Twice-differentiation below works fine too:

dYnum <- function(x) grad(Y, x)
d2Ynum <- function(x) grad(dYnum, x)
d2Ynum(x)
## [1] -0.8820 -0.7368 -0.5777
grad(dY, x)
## [1] -0.8821 -0.7368 -0.5777

But when replacing Y with a sharp approximate, twice-differientation fails:

xx <- seq(0.01, 0.99, by=0.01)
Yapprox <- approxfun(xx, Y(xx))
dYnum <- function(x) grad(Yapprox, x)
dYnum(x) # first-order derivative is OK
## [1] 0.31124 0.14901 0.01743
d2Ynum <- function(x) grad(dYnum, x)
d2Ynum(x) # not the good result
## [1] -2698 -1127  -589
grad(dY, x)  # this is the good result
## [1] -0.8821 -0.7368 -0.5777

However when replacing dYnum with an approximate, it works again:

xx <- seq(0.1, 0.9, by=0.01)
dYnumapprox <- approxfun(xx, dYnum(xx)) # approxfun(xx, grad(Yapprox, xx))
d2Ynum_ <- function(x) grad(dYnumapprox, x)
d2Ynum_(x) 
## [1] -0.8820 -0.7368 -0.5777

Solution

  • You forgot the inner derivative in the last term.
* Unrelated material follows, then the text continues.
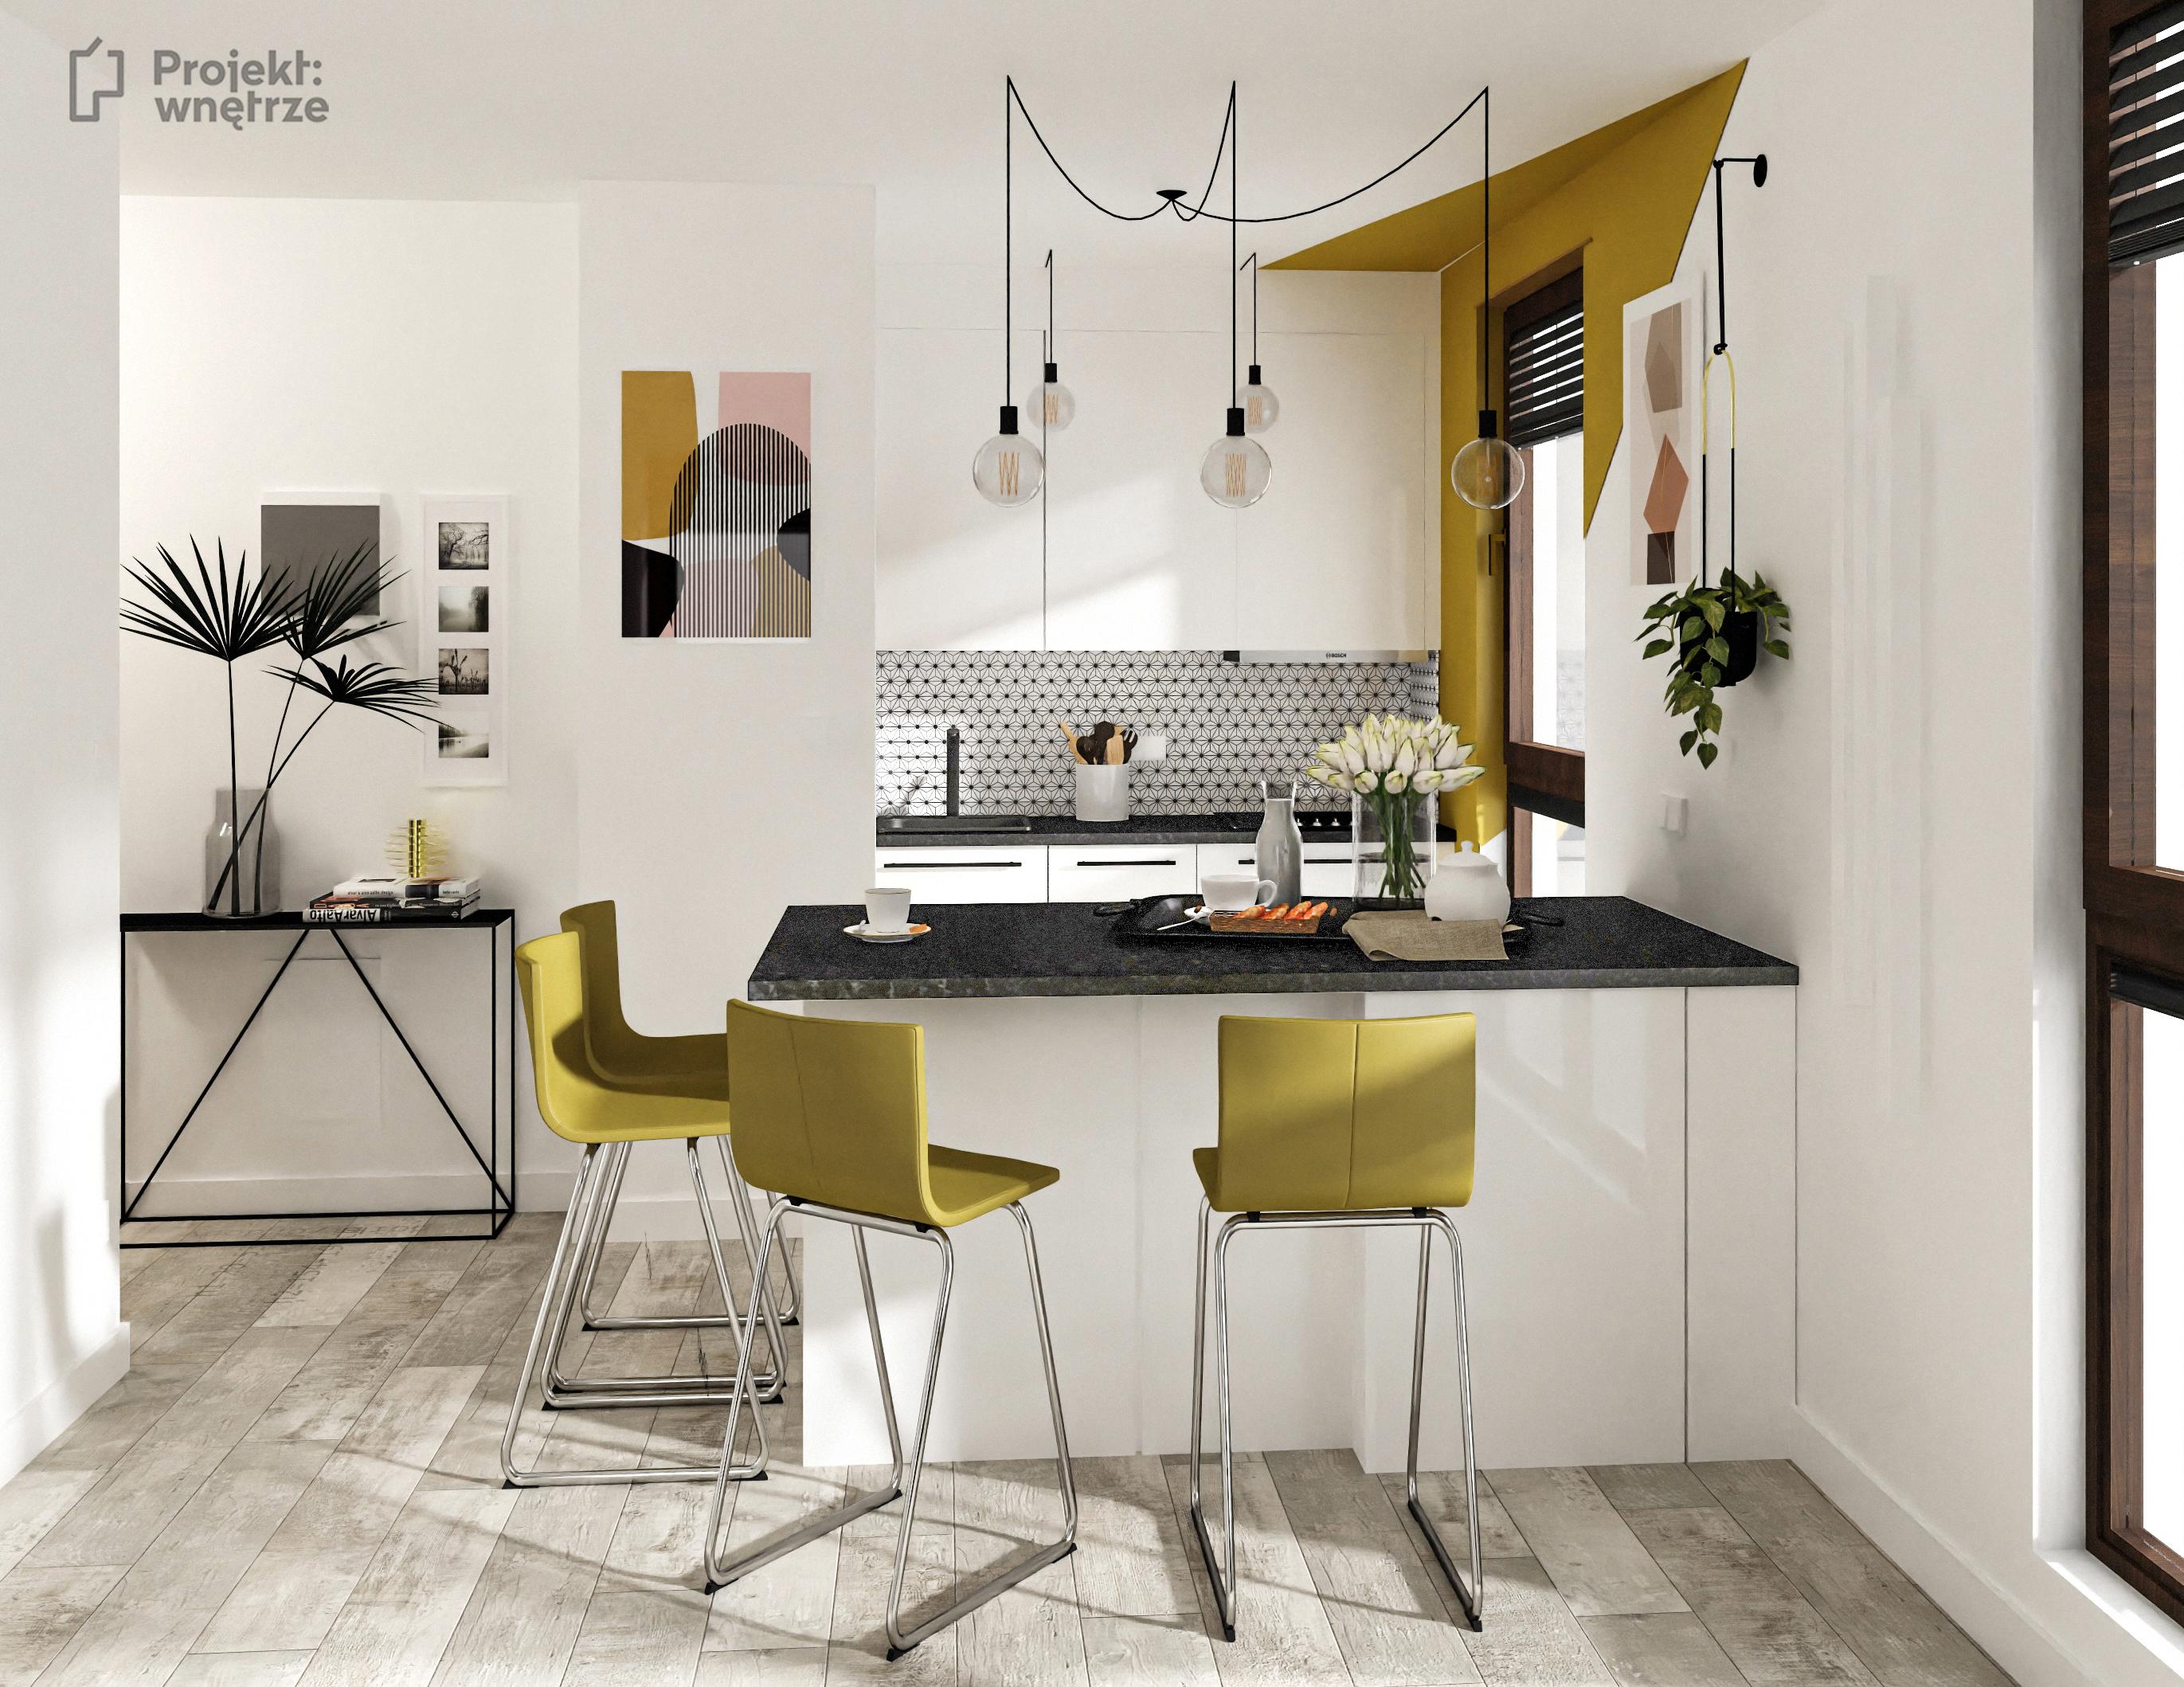 Nowoczesne mieszkanie z kolorem - biel czerń żółty musztardowy - PROJEKT: WNĘTRZE projektowanie wnętrz Warszawa okolice online www.projektwnetrze.com.pl

The a in the denominator cancels with the inner derivative. So it should be

      -a*A*sin(a*x) + a*B*cos(a*x) - cos(a*x)/2/a + x/2*sin(a*x)
    

    As for the error, I would suspect that the culprit is the approximation. Depending on the type of the approximation, the error between the sample points in the function values can be arbitrarily large, which only magnifies when computing derivatives. You might get better results by using far less sample points, 6 instead of 99.


    RTFM: Per R-manual approxfun only provides piecewise constant or linear approximations. Both are not differentiable. This means that the derivative of the piecewise linear approximation is piecewise constant with jumps and the second derivative is piecewise zero with delta peaks at the sample points. Re-interpolating the first derivative via a piecewise linear function will, while not the most mathematical procedure, lead back to reasonable results.

    Use R-manual splinefun to get an interpolating function that actually is twice differentiable.